Data:
※ ※ ※

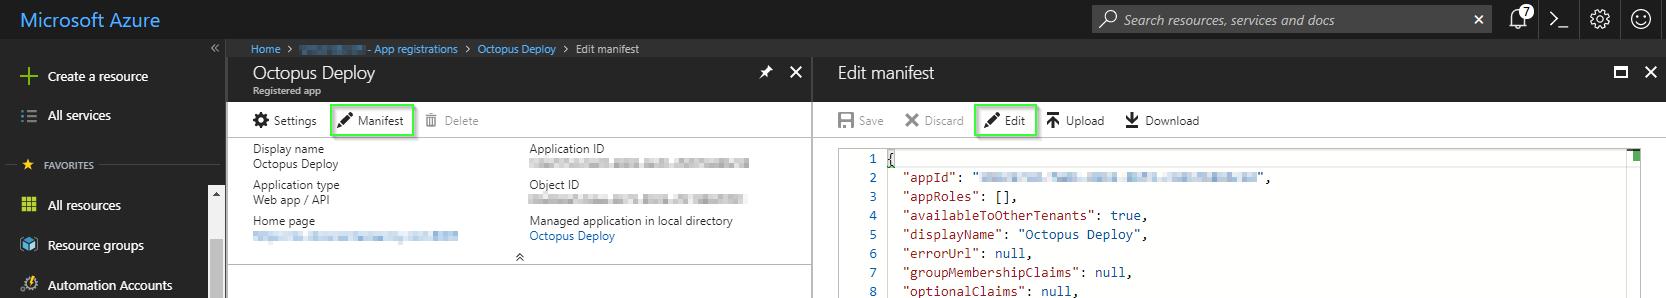 Editing an App registration manifest
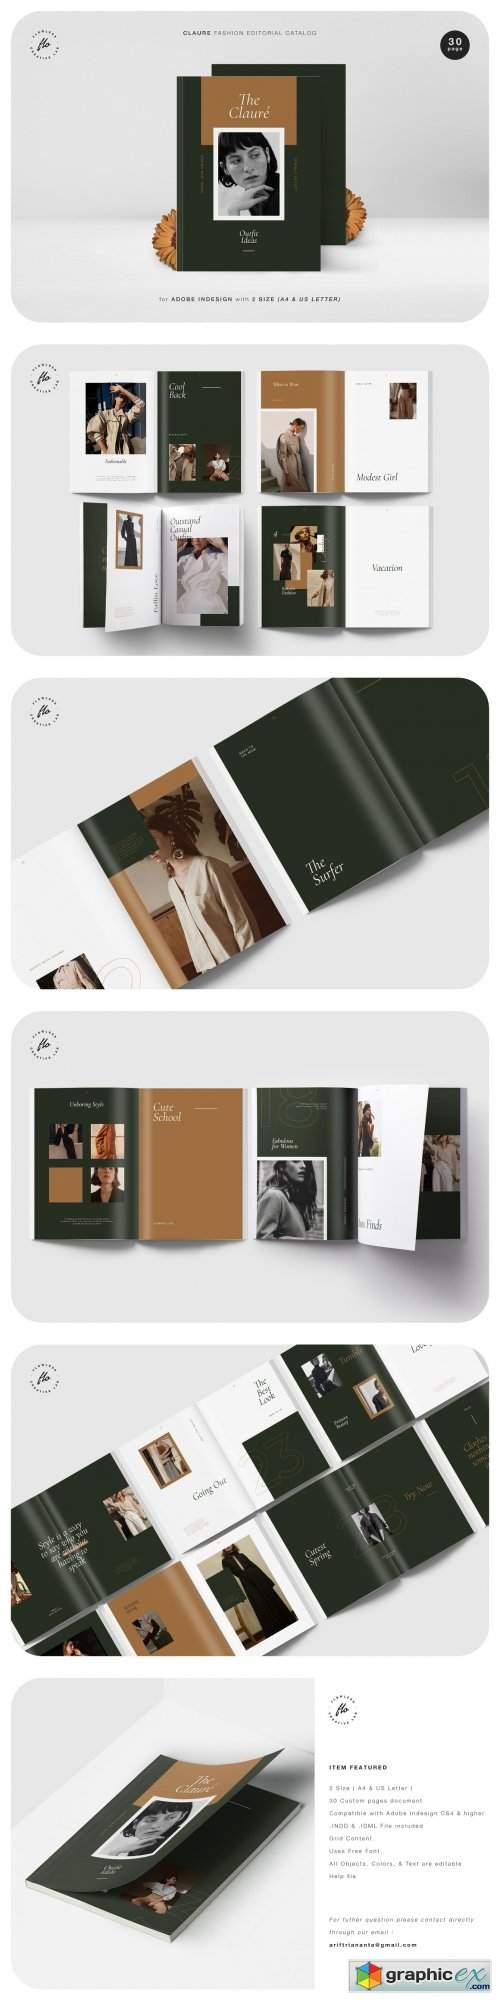 CLAURE Fashion Editorial Catalog
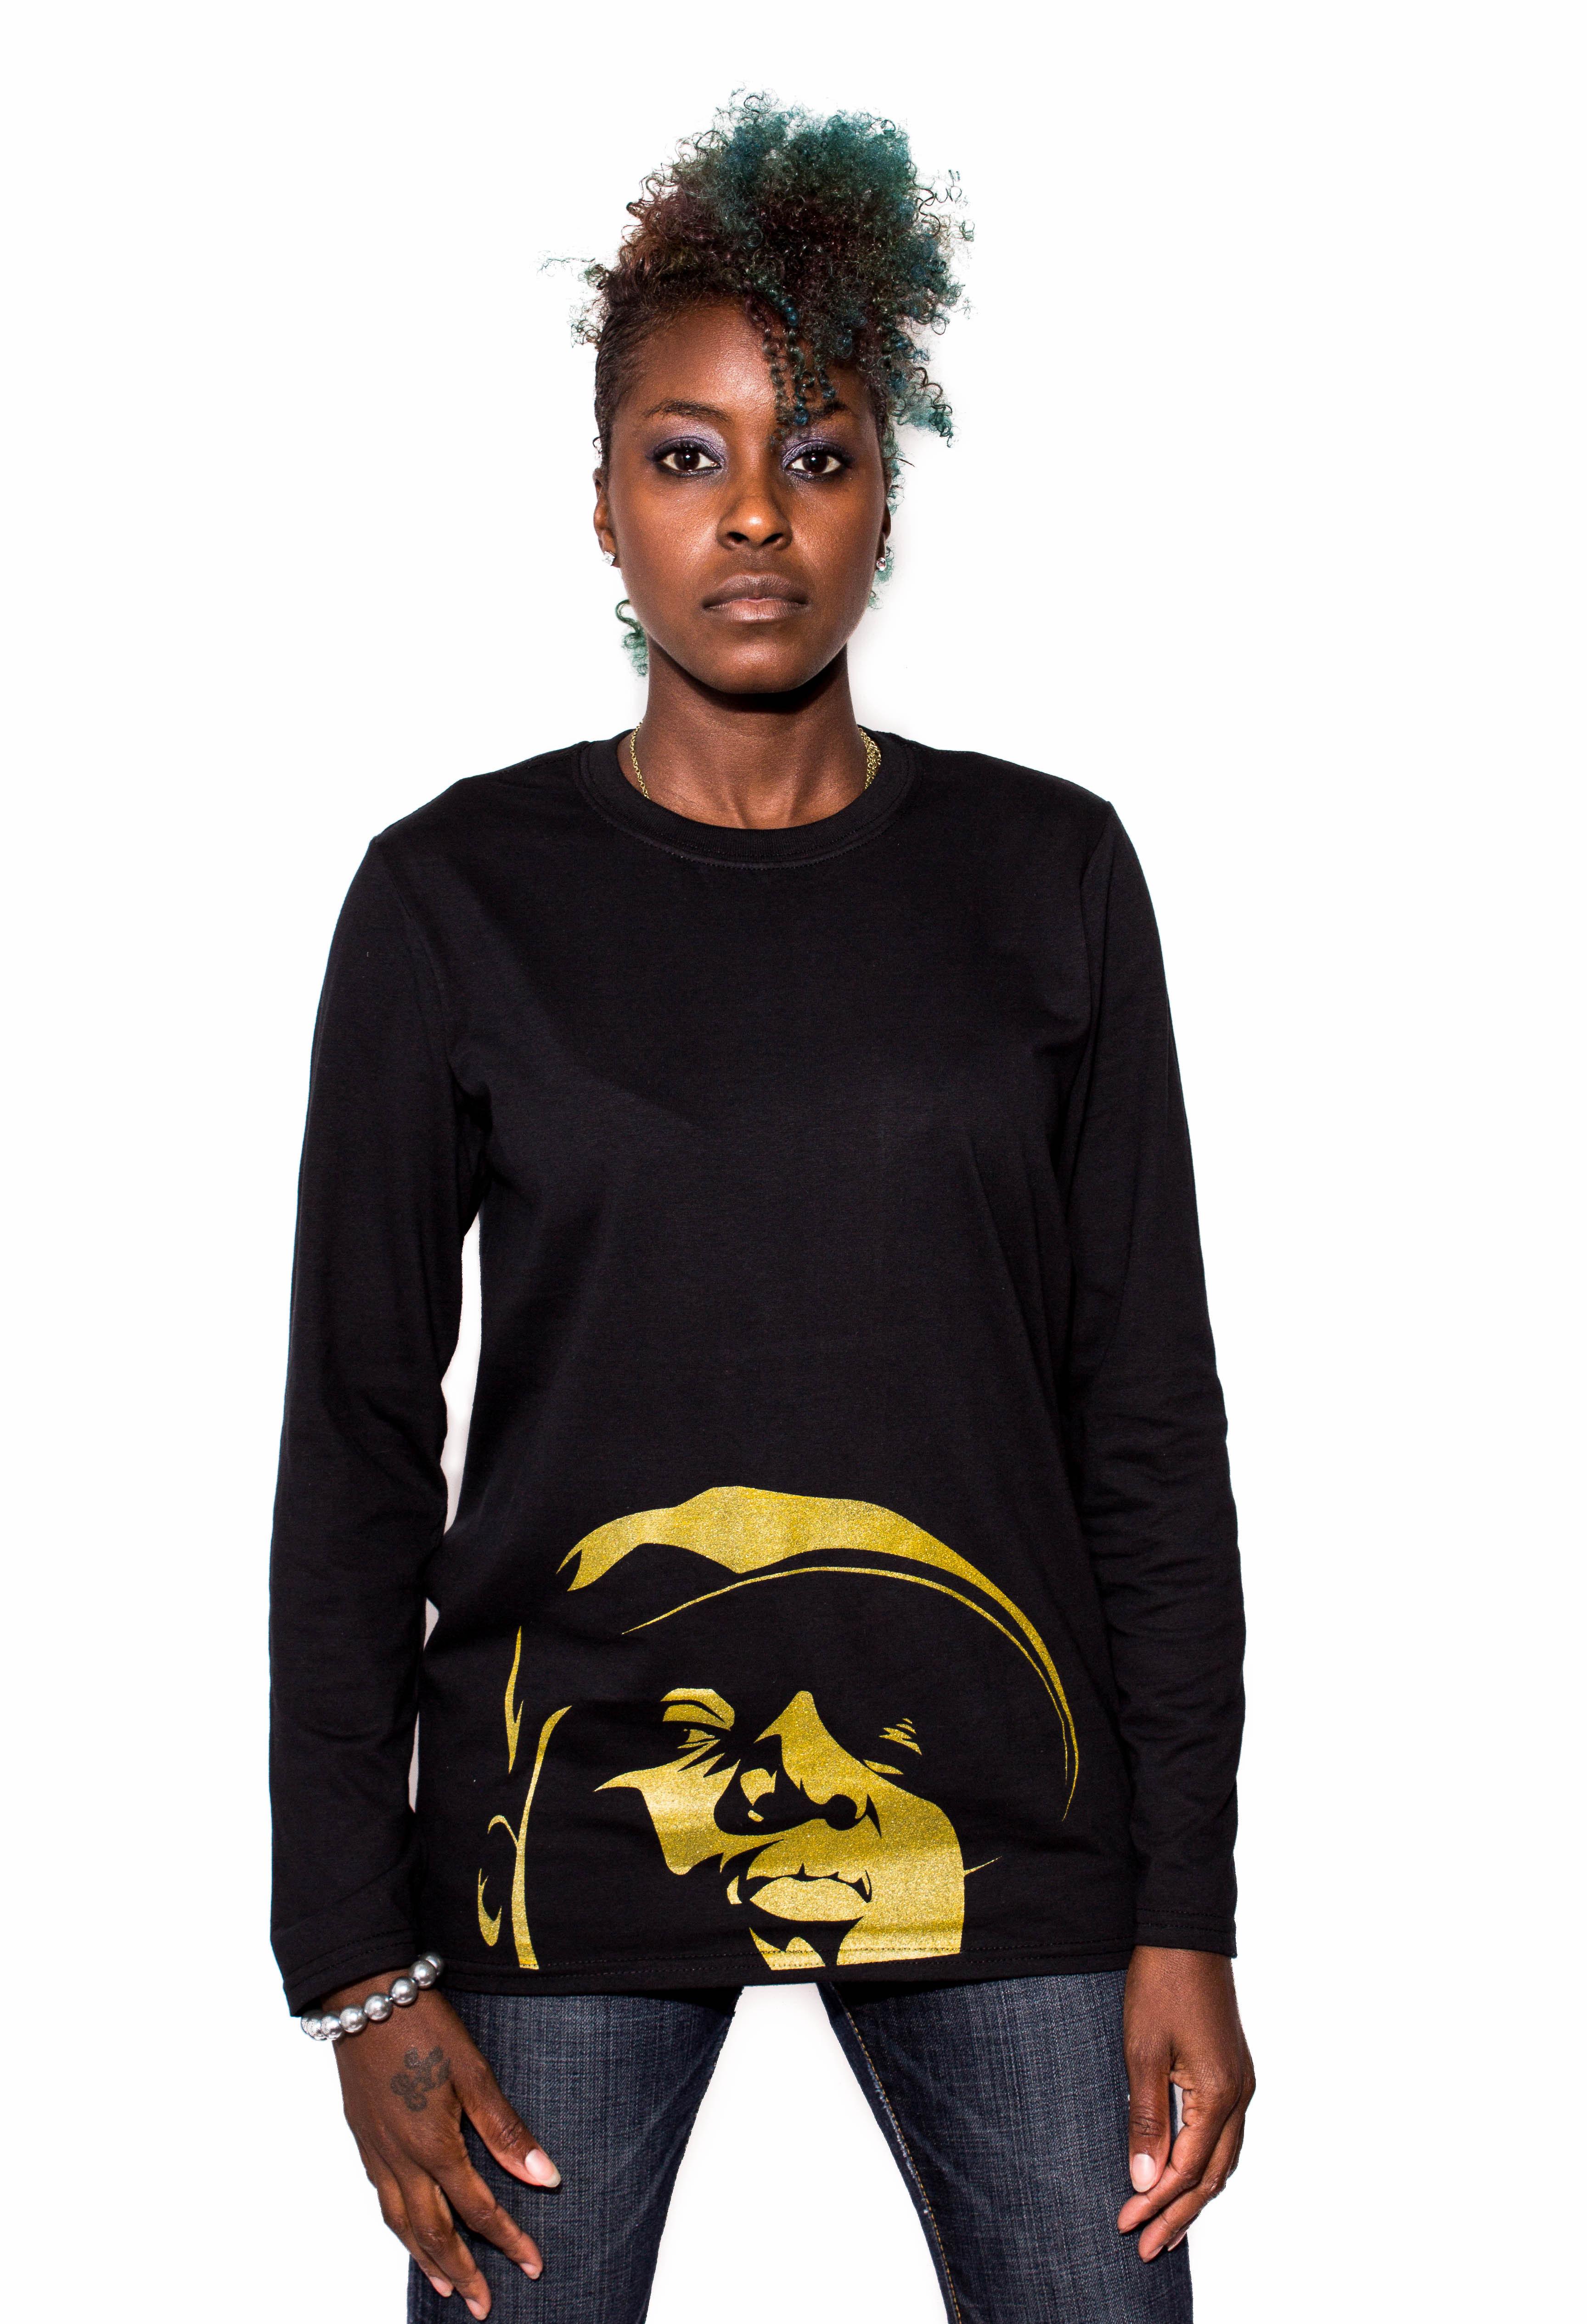 Notorious Big Long Sleeves T Shirt Gold Printing On Storenvy

※ ※ ※

Problem to work on: Reproduce the material word for word. Any pictures should be left out of the copy.

Answer below:
 Editing an App registration manifest
 CLAURE Fashion Editorial Catalog
 Notorious Big Long Sleeves T Shirt Gold Printing On Storenvy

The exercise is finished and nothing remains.